Therefore, the position of the front end portion of the right front
housing cover 17 (front surface plate 17C) configured by the
bending portion 17C5 and the vertical surface portion 17C6 can be
moved to the backward side (retracted).
[0062] Thereby, as shown in FIG. 1 and in FIG. 2, when an eye
position of an operator in the cab 13 is indicated at an eye point
P, a visual line L of the operator passing through the eye point P
and the vertical surface portion 17C6 that is the front end portion
of the right front housing cover 17 can be expanded in the backward
side at the time the operator in the cab 13 visually looks in the
right front side, to improve a range of view of the operator in the
right front side.
[0063] Further, as shown in FIG. 4 and in FIG. 5, the control valve
unit 21 and the signal control valve block 34 are arranged in the
front side of an axis line A-A of the boom foot pin 9 that is
inserted and fitted in the left and right vertical plates 6B and 6C
of the revolving frame 5, and the solenoid valve 35 is arranged in
the upper side of the axis line A-A of the boom foot pin 9.

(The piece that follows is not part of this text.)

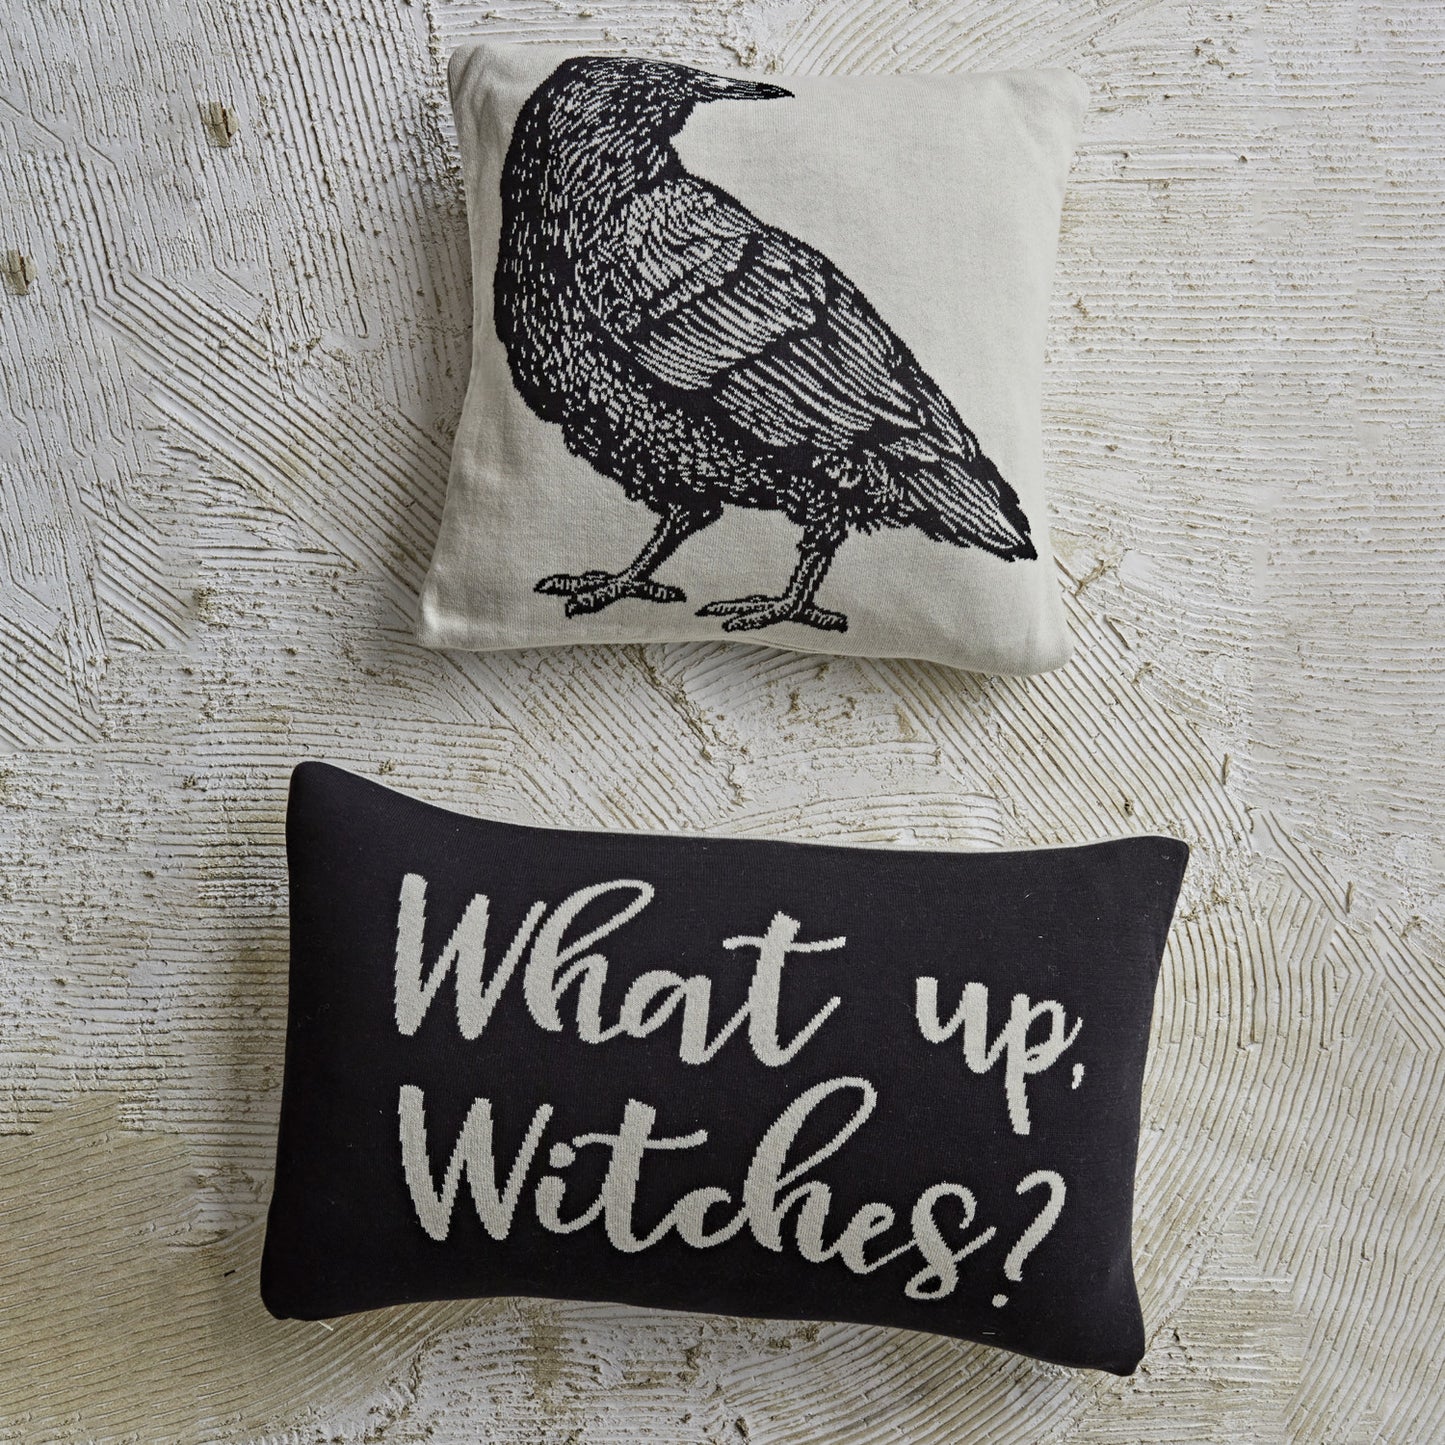 "What up, Witches?" 24" x 16" Two-Sided Cotton Knit Pillow

[0064] Therefore, a pin inserting/removing space 36 shown to be
hatched in a chain double-dashed line in FIG. 3 and in FIG. 4 is
formed between the right side plate 17B of the right front housing
cover 17 and the right vertical plate 6C of the center frame 6
forming the revolving frame 5. The pin inserting/removing space 36
is formed in the back side of the control valve unit 21 and the
signal control valve block 34 and in the lower side of the solenoid
valve 35. Therefore, the boom foot pin 9 can be inserted in/removed
from the pin inserting/removing space 36.
[0065] Next, an explanation will made of a hydraulic system
including the control valve unit 21, the signal control valve block
34 and the solenoid valve 35 with reference to FIG. 7.
[0066] Indicated at 37 is the first hydraulic pump of a variable
displacement type that is driven by the engine 11. The first
hydraulic pump 37 drives a displacement variable portion 37B by a
regulator 37A to change a delivery displacement thereof. Here, the
first hydraulic pump 37 is connected to the traveling motor 24A,
the bucket cylinder 25A, and the boom cylinder 4B through a first
main line 38. The directional control valve 24 for traveling motor
24A, the directional control valve 25 for bucket cylinder 25A, and
the directional control valve 26 for boom cylinder 4B that form the
control valve unit 21 are connected to the halfway of the first
main line 38.
[0067] Indicated at 39 is the second hydraulic pump of a variable
displacement type that is driven together with the first hydraulic
pump 37 by the engine 11. The second hydraulic pump 39 drives a
displacement variable portion 39B by a regulator 39A to change a
delivery displacement thereof. Here, the second hydraulic pump 39
is connected to the arm cylinder 28A, the revolving motor 27A, and
the preliminary actuator (not shown) through a second main line 40.
The directional control valve 27 for revolving motor 27A, the
directional control valve 28 for arm cylinder 28A, and the
directional control valve 29 for preliminary actuator that form the
first control valve unit 21 are connected to the halfway of the
second main line 40.
[0068] Indicated at 41 is the pilot pump that is driven together
with the first and second hydraulic pumps 37 and 39 by the engine
11. A pilot signal (pilot pressure) that is output from the pilot
pump 41 is input to input ports of the signal control valve block
34 and the solenoid valve 35 in response to an operation of the
operation device 42 that is arranged in the cab 13.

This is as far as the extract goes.